Cytat:(28 Lut 2018, Śro 16:17)klocek napisał(a): Całkiem serio, bez ironii, posunę się jeszcze dalej: "relacja terapeutyczna" nie istnieje. Nie ma takiego zwierzęcia, to po prostu buzzword, którego psychoterapeuci używają, kiedy mają odpowiedzieć na pytanie, na które nie znają odpowiedzi.O na pewno funkcjonuje to czasem jak buzzword. A sama definicja będzie różna w zależności od szkoły. Najbardziej wąska definicja to byłoby chyba "obustronne zaufanie i szacunek" i tyle. Ciężko przerabiać terapię z terapeutą, którego nie lubisz, uważasz za idiotę, albo który Cię zmusza do rzeczy, które uważasz za szkodliwe. I na odwrót: jeśli terapeuta cię nie lubi, to raczej też kiepsko. Relację można rozpatrywać szerzej np. jako "nastawienie emocjonalne i motywacyjne; środowisko, gdzie zachodzą przeżycia korekcyjne będące odzwierciedleniem relacji z ważnymi ludźmi z przeszłości" - czy coś w tym stylu. No i jeszcze szerzej, pewnie w stronę mistycyzmu.
No i teraz z zależności od tego jak zdefiniujemy relację terapeutyczną, to można zaprojektować narzędzie, które będzie badało jej jakość. Co do badań, to kojarzę jakieś, które relację terapeutyczną określały jako jeden z najważniejszych predyktorów skuteczności (ale nie interesowałem się tym dalej, więc nie podam więcej szczegółów).
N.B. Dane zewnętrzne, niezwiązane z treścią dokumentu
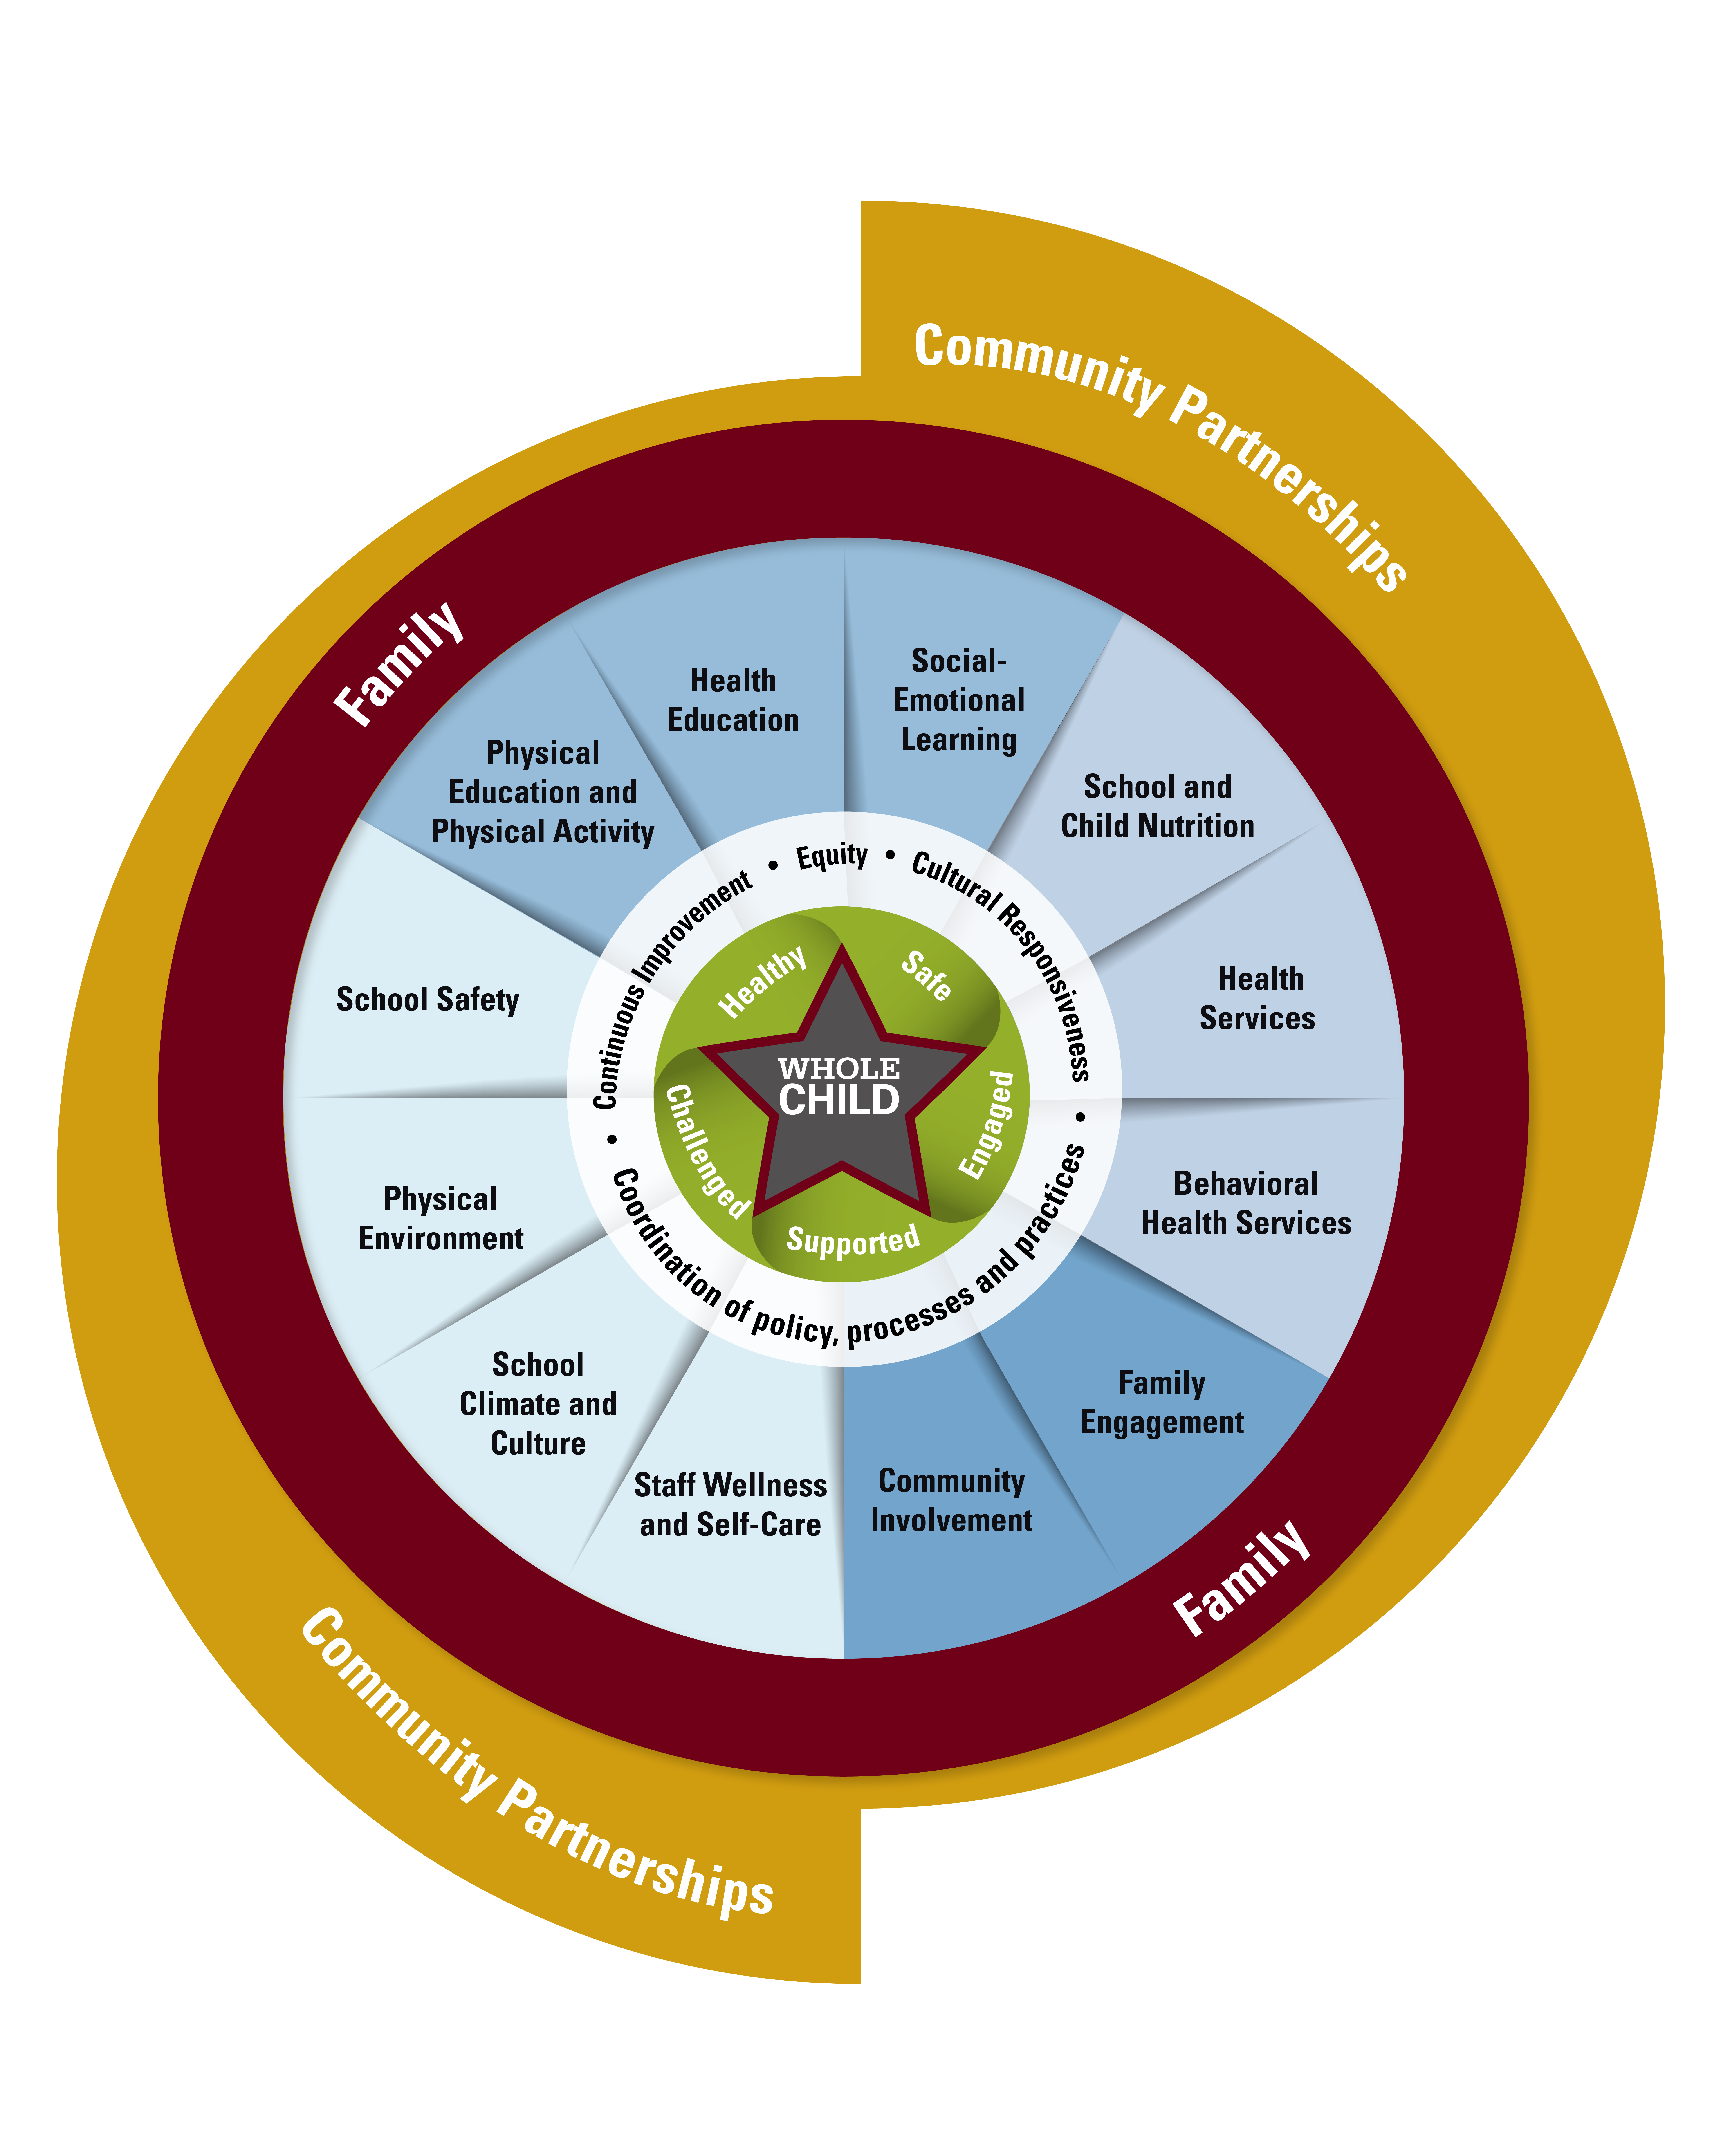 The tenants of Ohio's Whole Child Framework, with bands of community partnerships in yellow and family highlighted in maroon and used in the center around the whole child star to indicate its importance.

Najważniejsza rzecz, od której zależy powodzenie terapii, a jednocześnie nie wiadomo, co to jest i czy to mamy.
No i nie można zapomnieć, że większość pacjentów psychiatrycznych ma właśnie jakieś problemy w relacjach z ludźmi. Przykładowo fobik społeczny boi się ludzi - i z dużym prawdopodobieństwem będzie się bał także terapeuty. To wyklucza relację terapeutyczną opartą na zaufaniu, prawda?
Czy to nie ironia, że żeby wyleczyć fobię społeczną, najpierw trzeba pokonać fobię społeczną?